Assigned task:
Restate the listing below word for word; no pictures belong in the copy.

Collected material:
::::
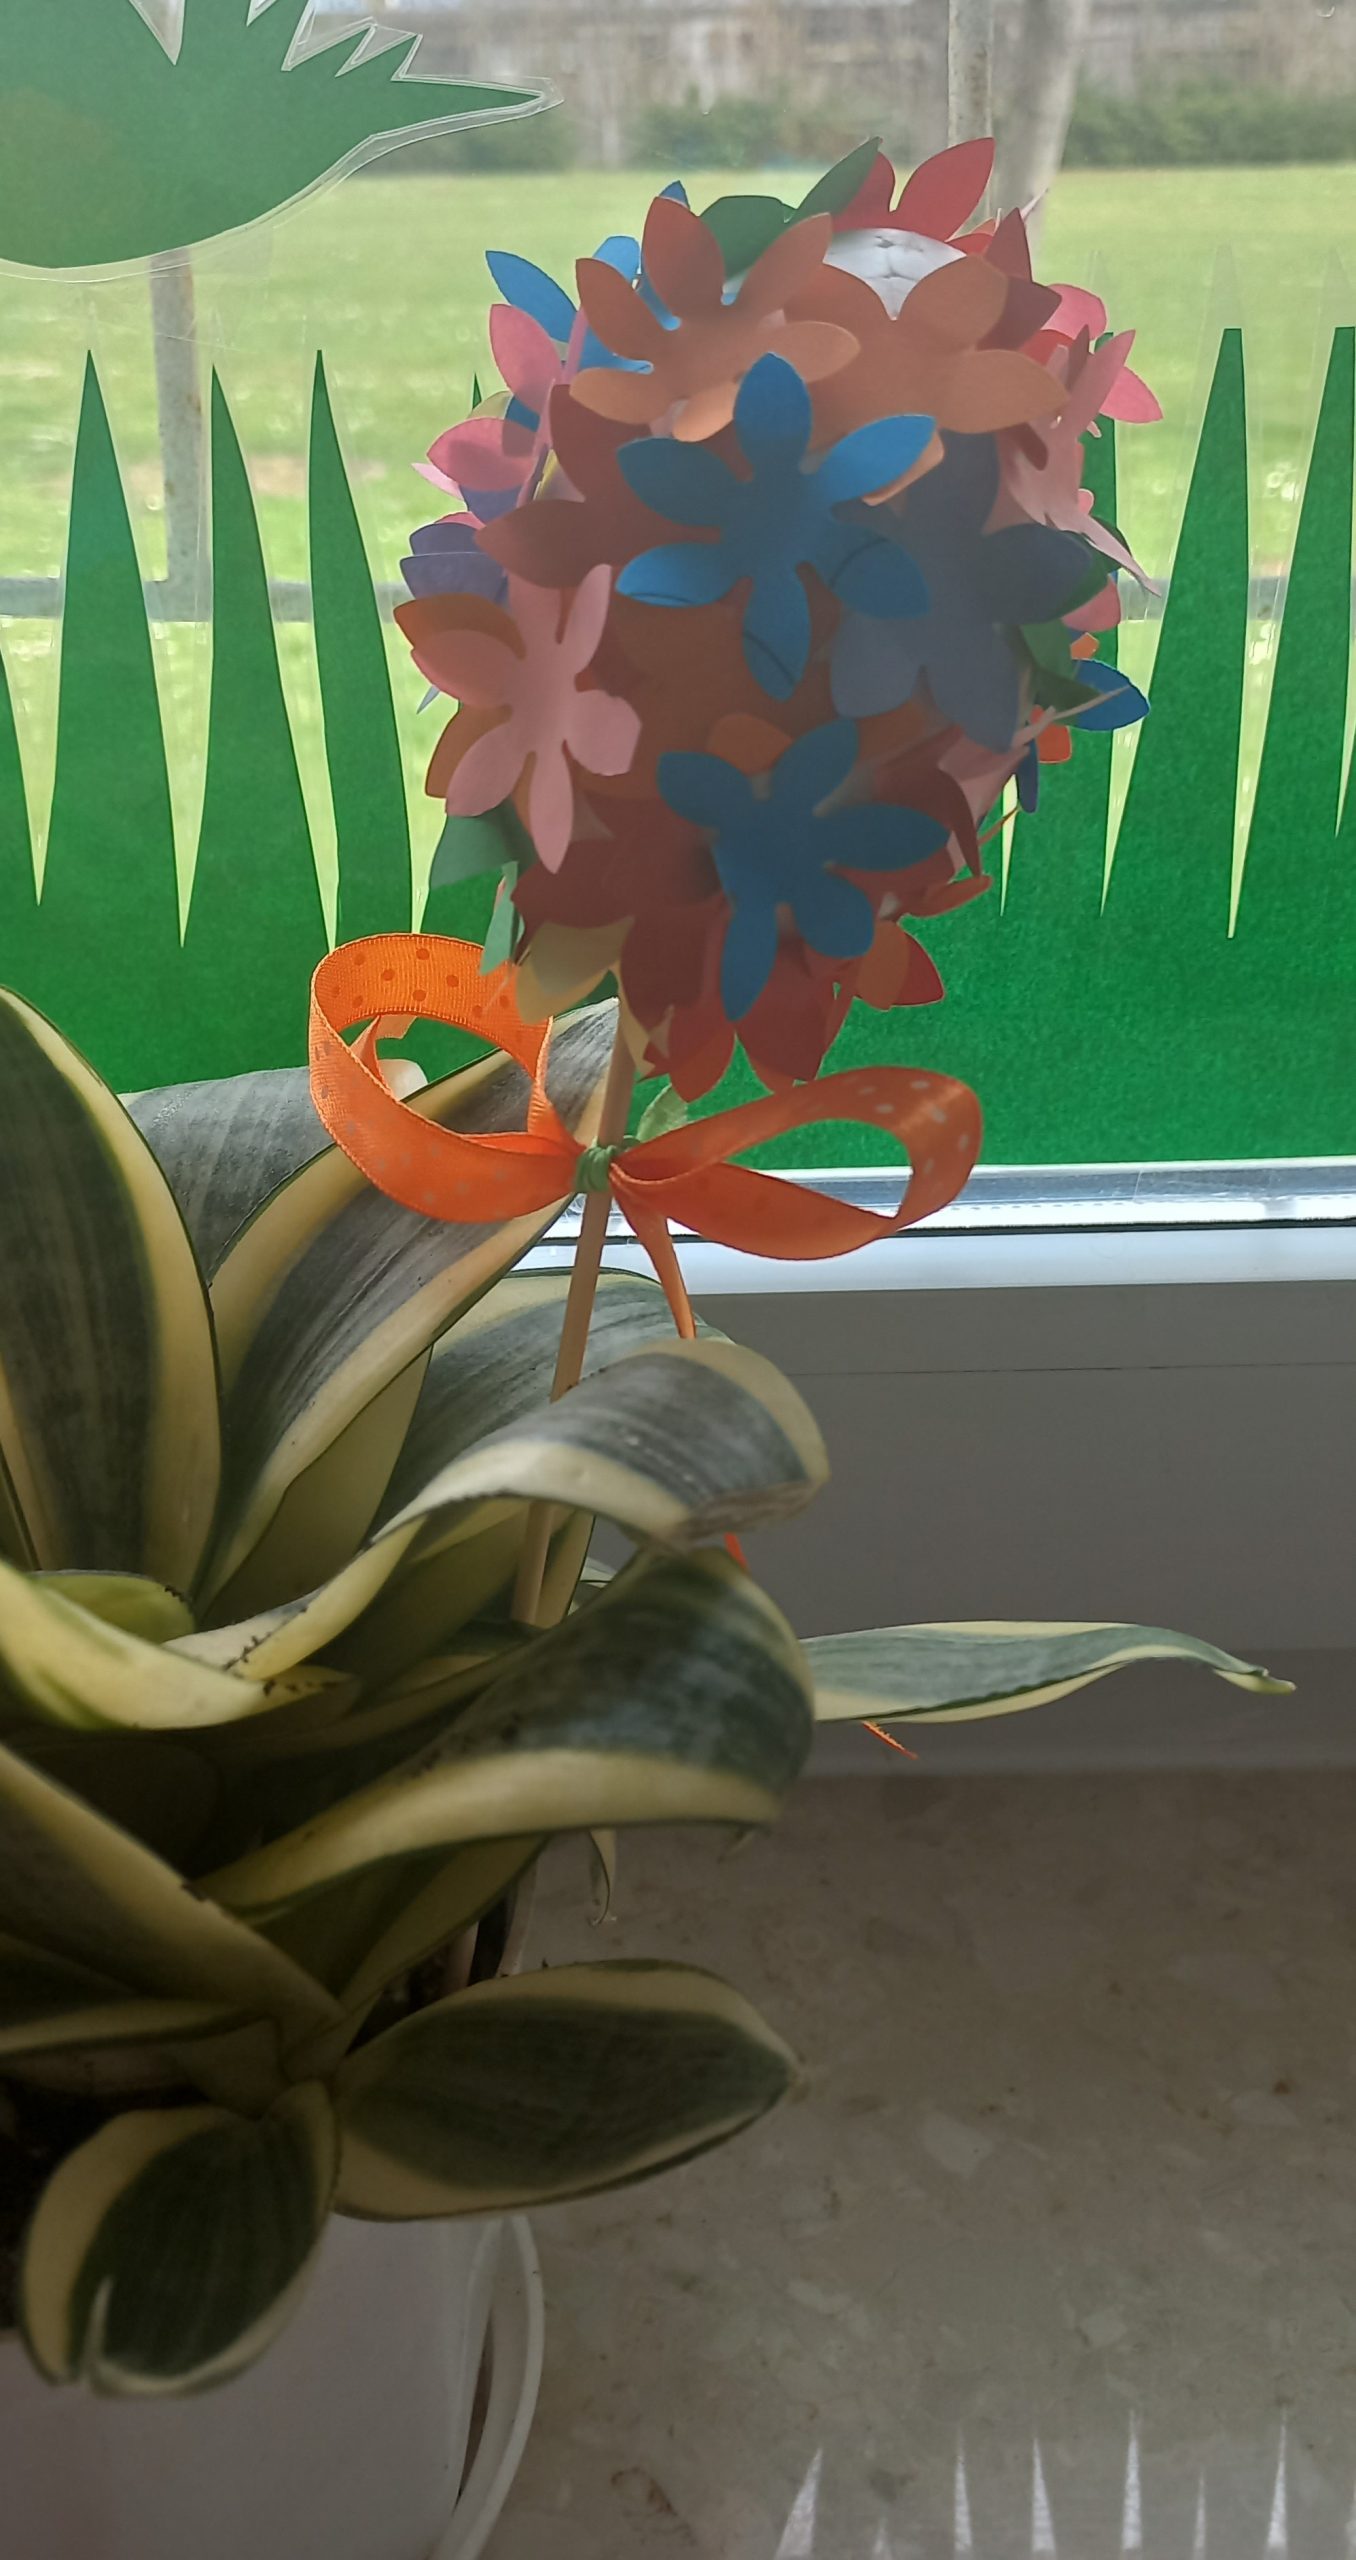 Doniczka z kwiatem w kształcie zielonych liści. W doniczce na długiej wykałaczce pisanka z kolorowymi kwiatami z papieru.
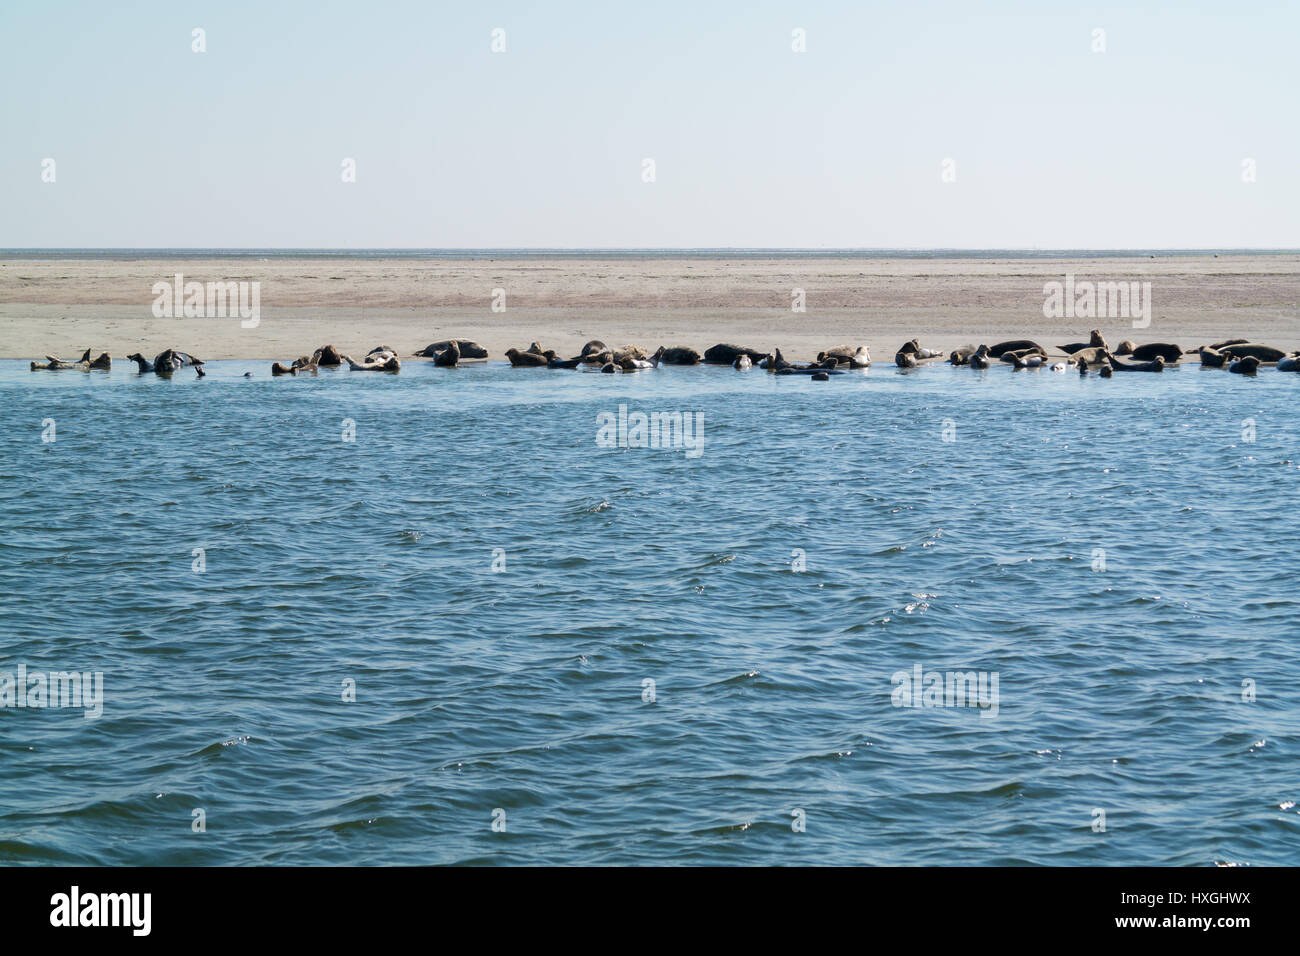 Groupe des phoques communs et gris reposant sur banc de sable à l'Eierlandse Gat, Waddensea, Pays-Bas Banque D'Images
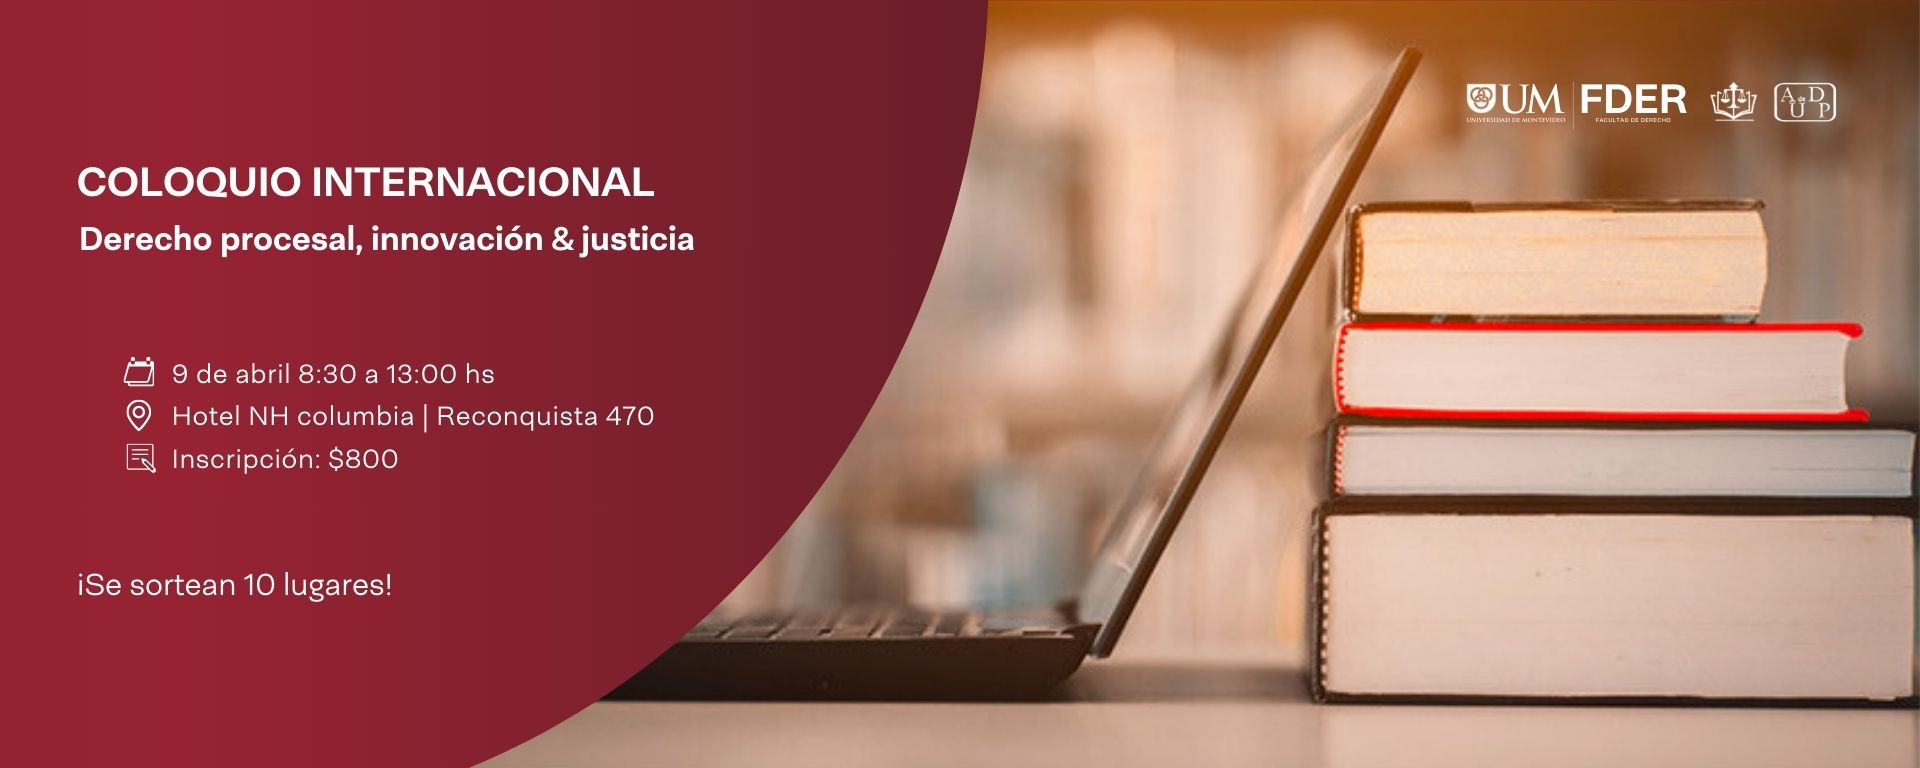 Coloquio internacional: Derecho procesal, innovación y justicia
::::
Final answer:
 Doniczka z kwiatem w kształcie zielonych liści. W doniczce na długiej wykałaczce pisanka z kolorowymi kwiatami z papieru.
 Groupe des phoques communs et gris reposant sur banc de sable à l'Eierlandse Gat, Waddensea, Pays-Bas Banque D'Images
 Coloquio internacional: Derecho procesal, innovación y justicia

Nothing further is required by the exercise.